Try it:
Starting at the line that contains "Жіночий годинник у комплекті з браслетом", reproduce every line through the end of the entries below, with no pictures in the copy.

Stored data
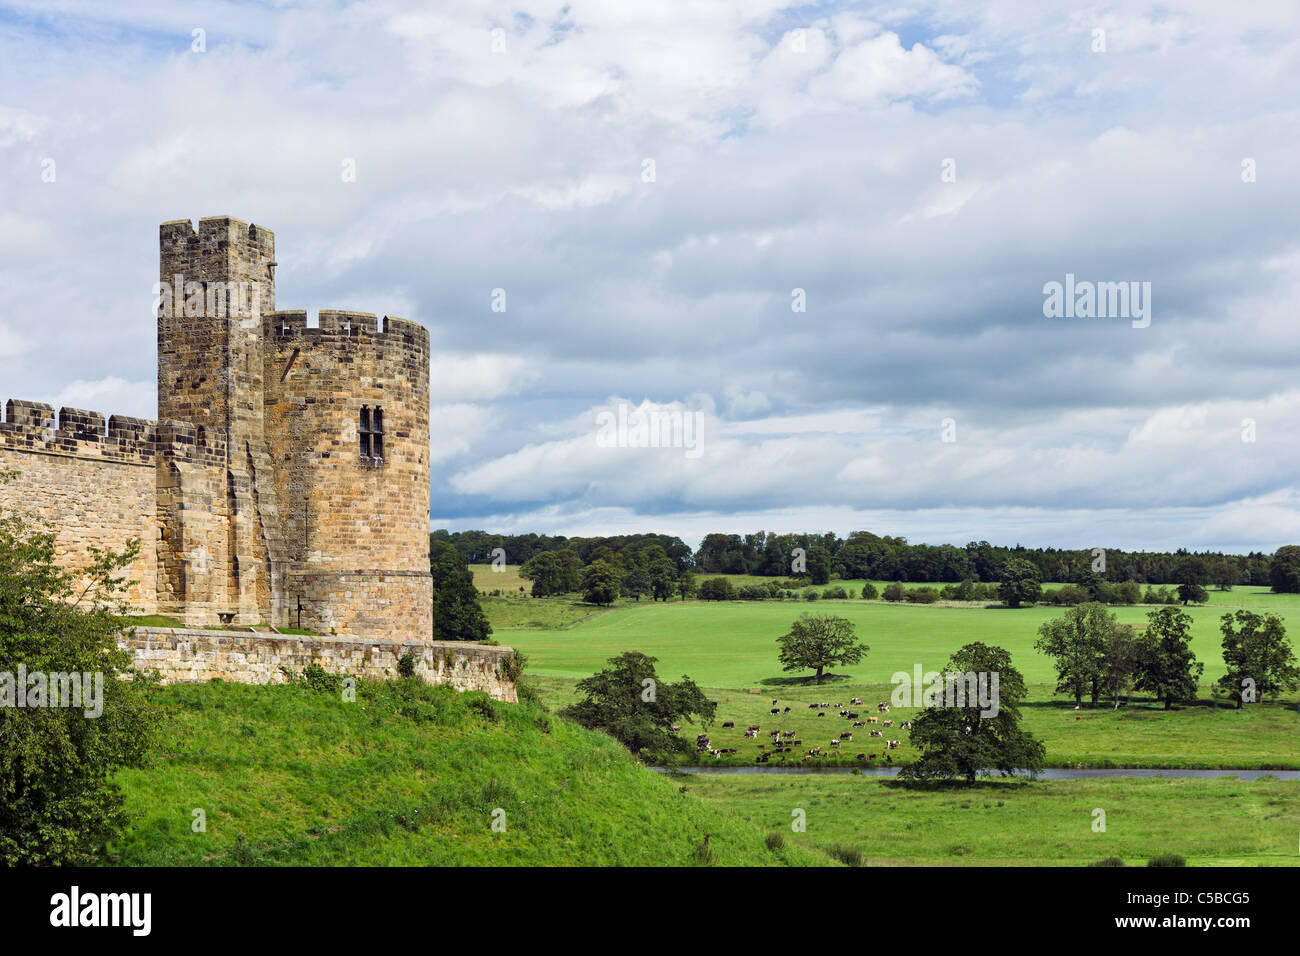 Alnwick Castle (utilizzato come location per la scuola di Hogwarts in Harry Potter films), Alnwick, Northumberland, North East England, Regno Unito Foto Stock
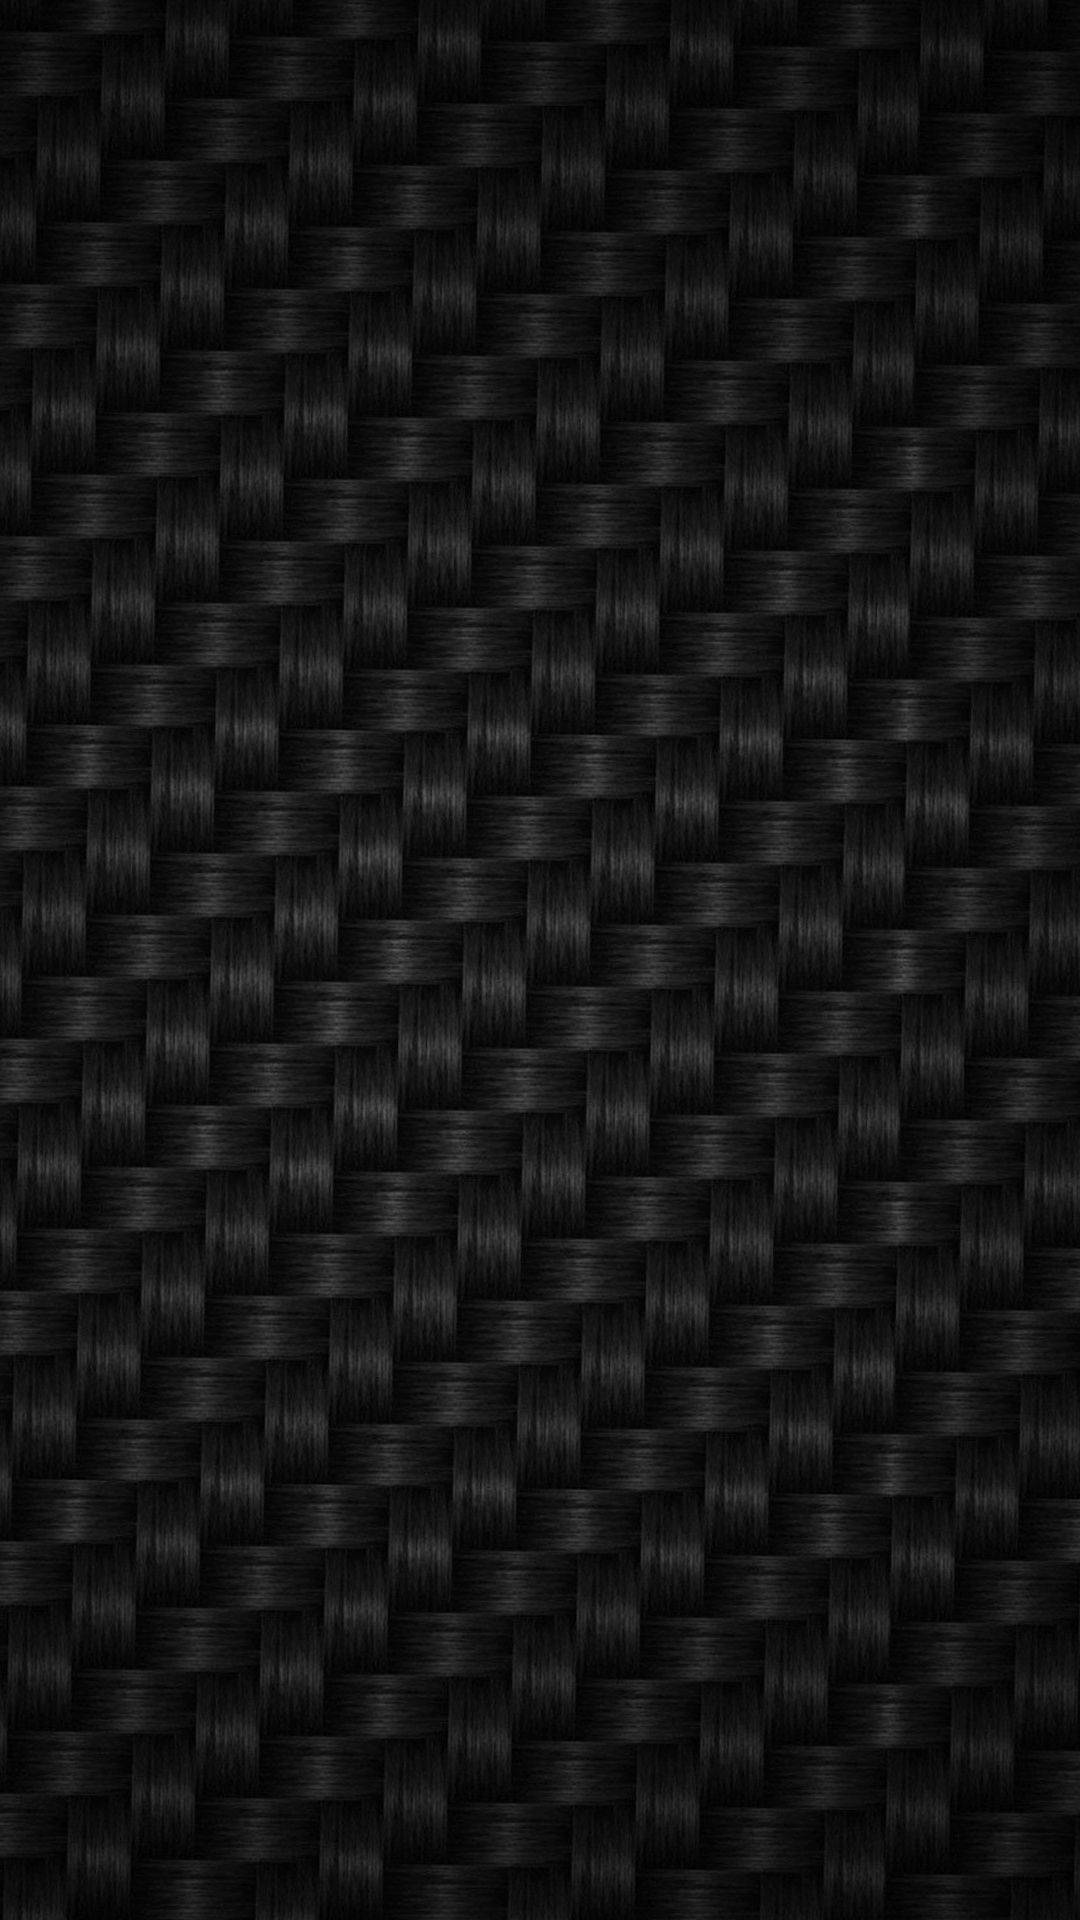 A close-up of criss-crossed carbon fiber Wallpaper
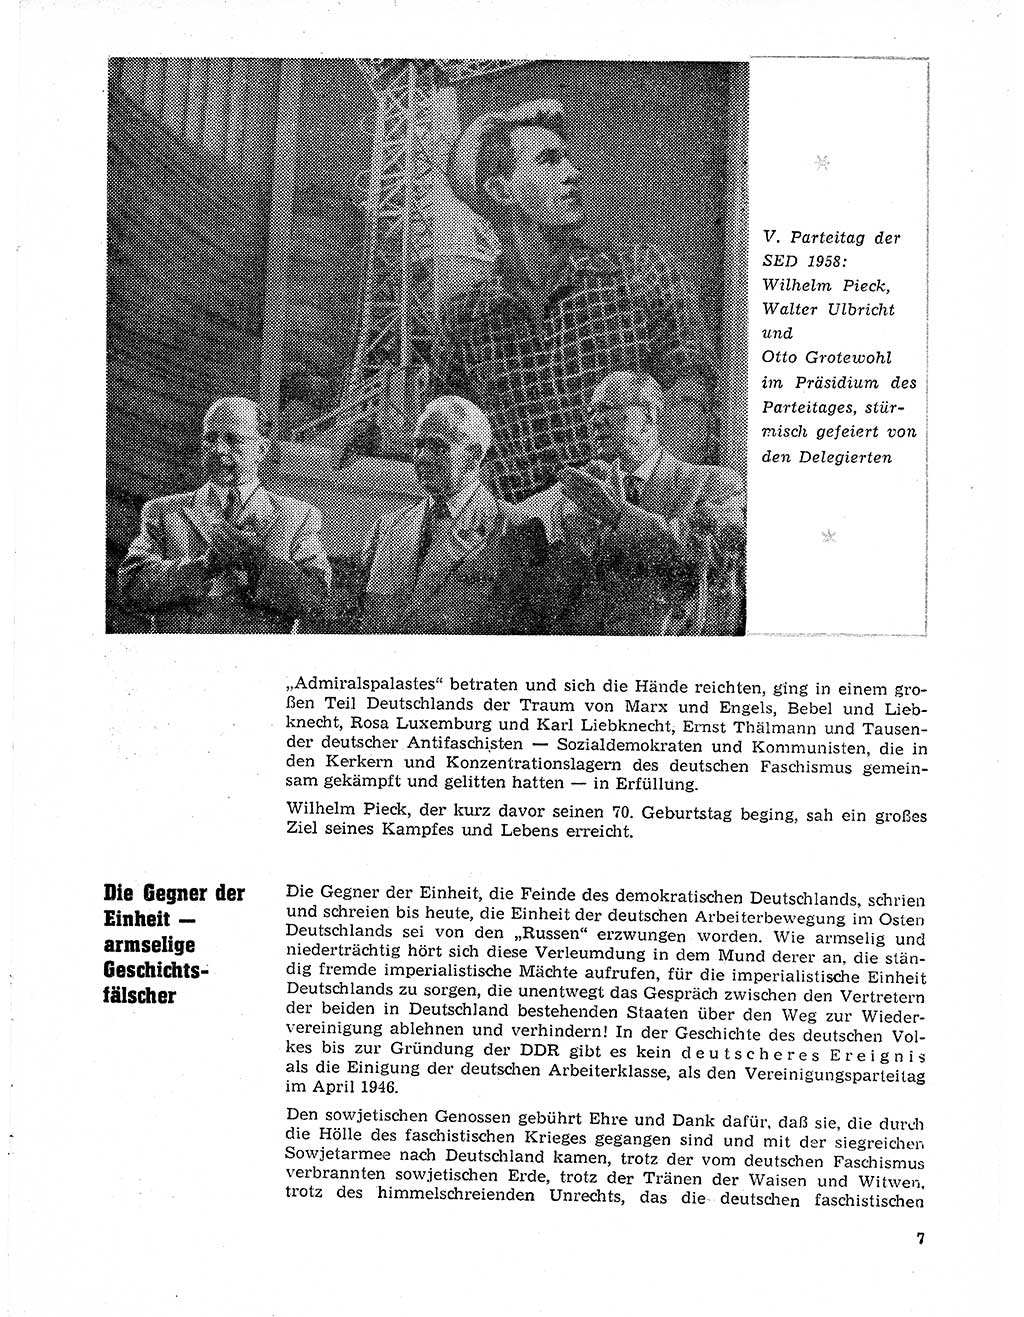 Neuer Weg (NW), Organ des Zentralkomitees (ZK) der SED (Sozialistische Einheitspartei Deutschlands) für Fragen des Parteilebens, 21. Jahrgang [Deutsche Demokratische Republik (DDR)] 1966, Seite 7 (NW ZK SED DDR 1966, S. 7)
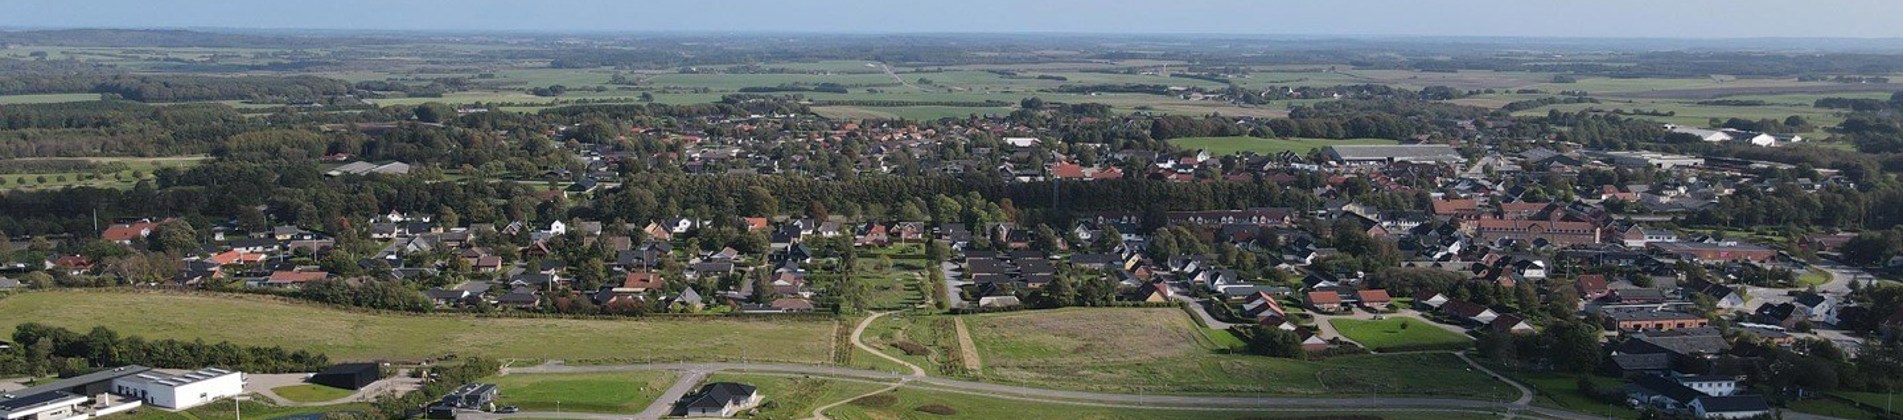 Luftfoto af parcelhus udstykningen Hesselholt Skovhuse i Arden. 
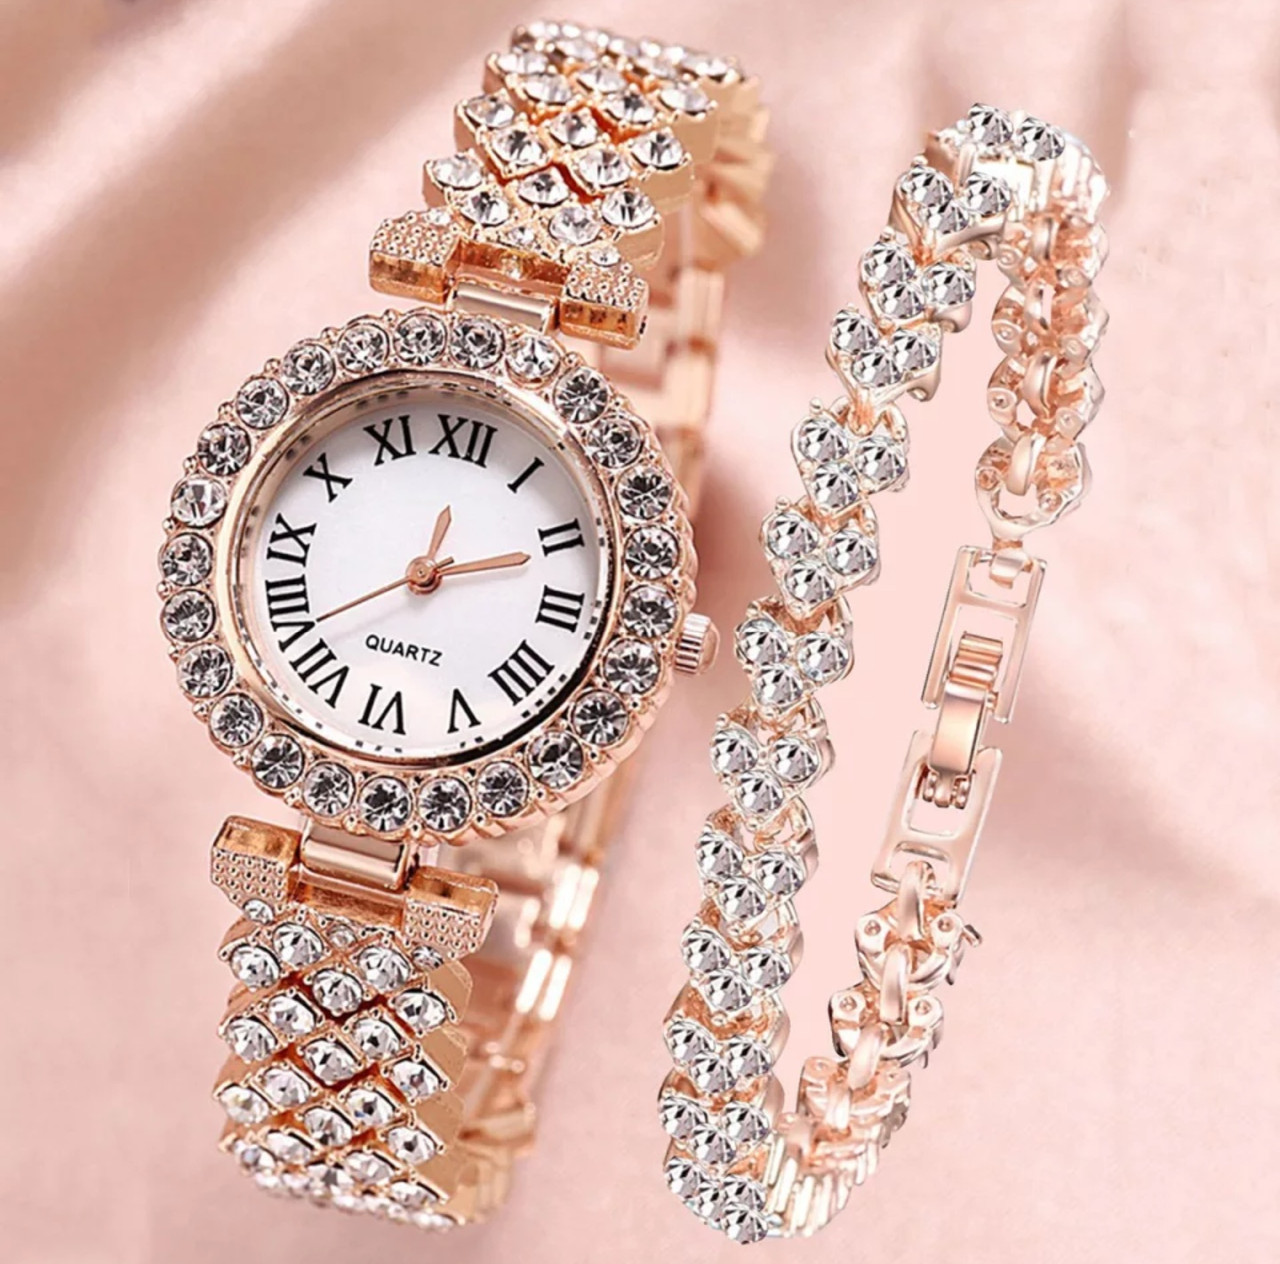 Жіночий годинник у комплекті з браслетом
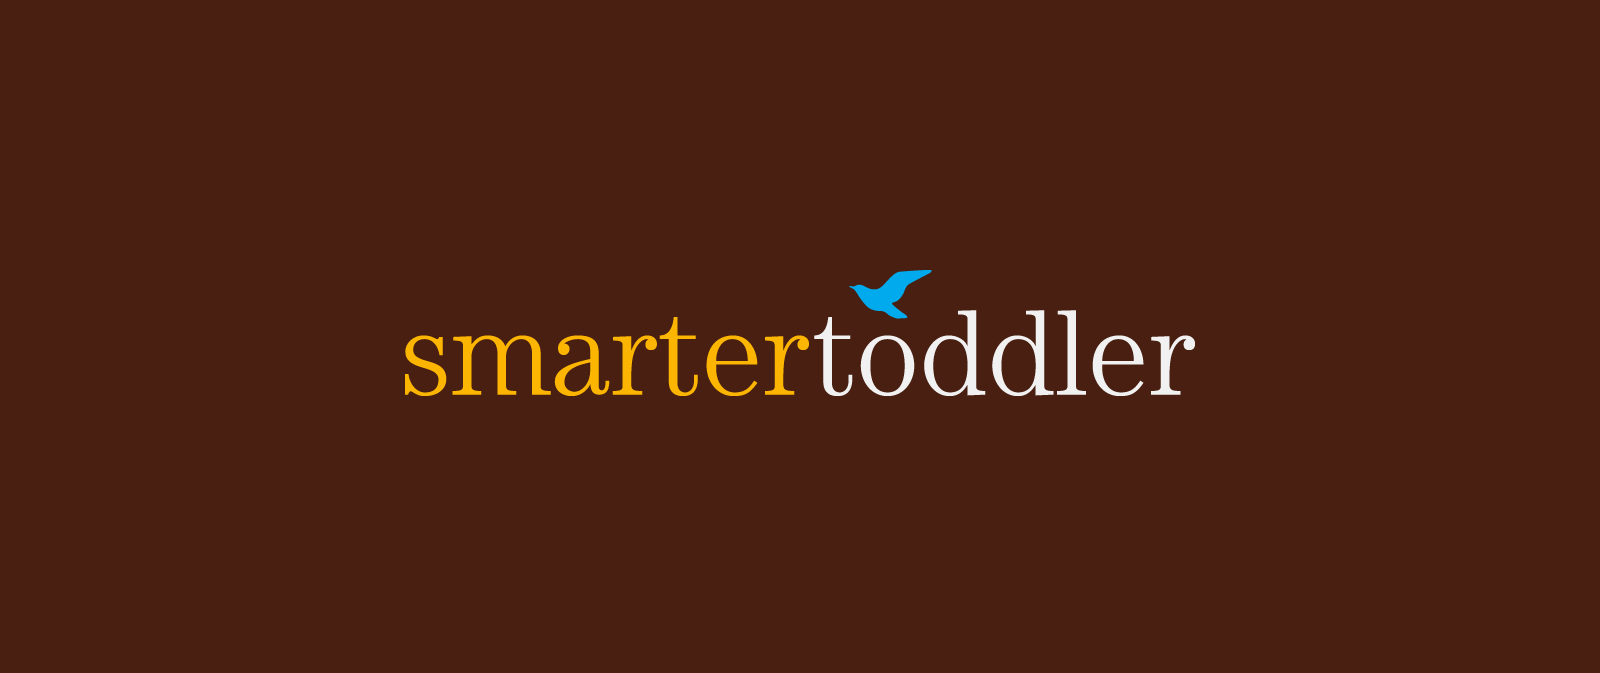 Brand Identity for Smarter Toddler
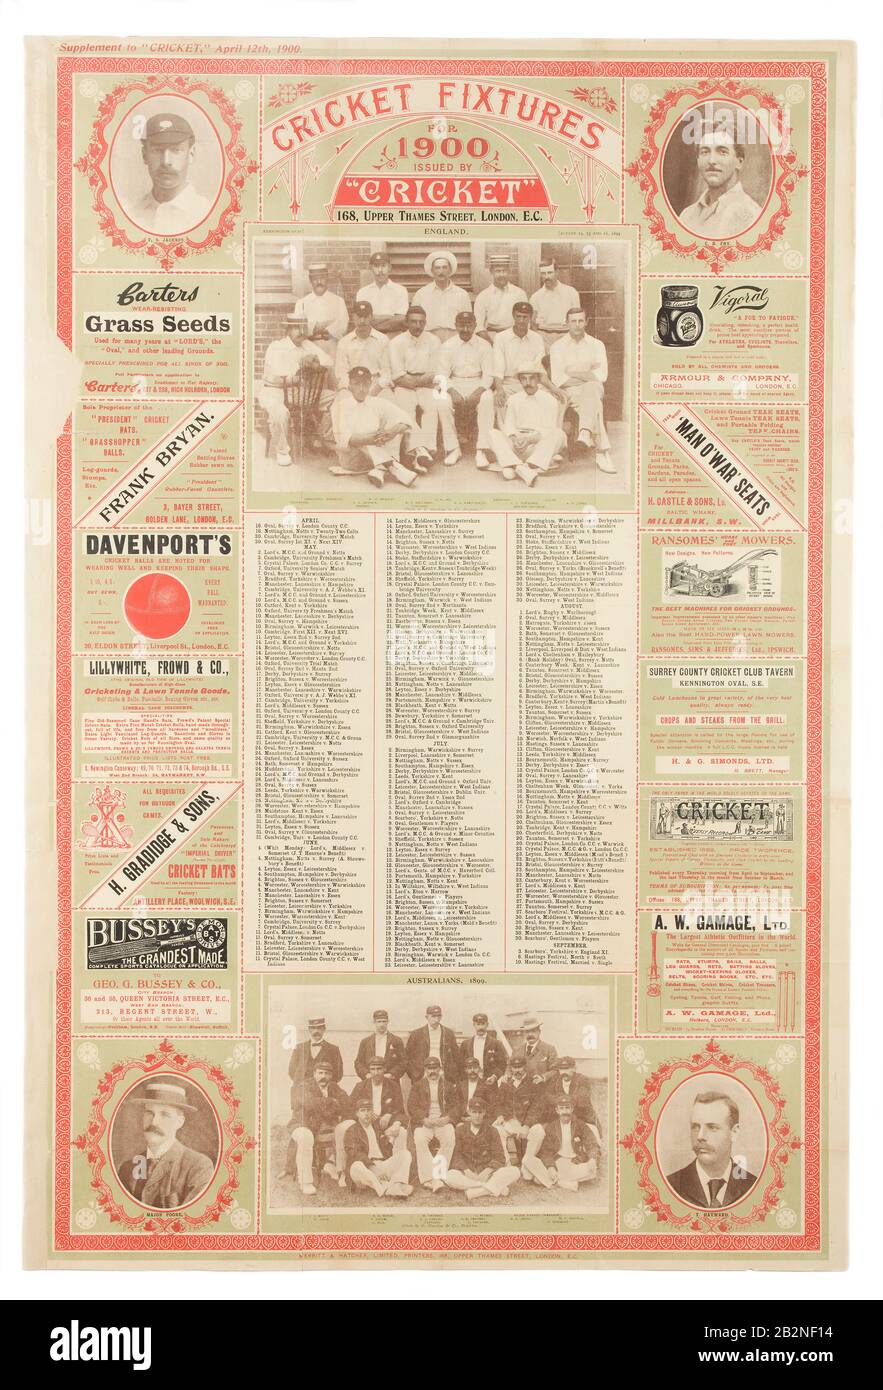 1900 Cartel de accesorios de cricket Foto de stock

Completed exercise:
 Жіночий годинник у комплекті з браслетом
 Brand Identity for Smarter Toddler
 1900 Cartel de accesorios de cricket Foto de stock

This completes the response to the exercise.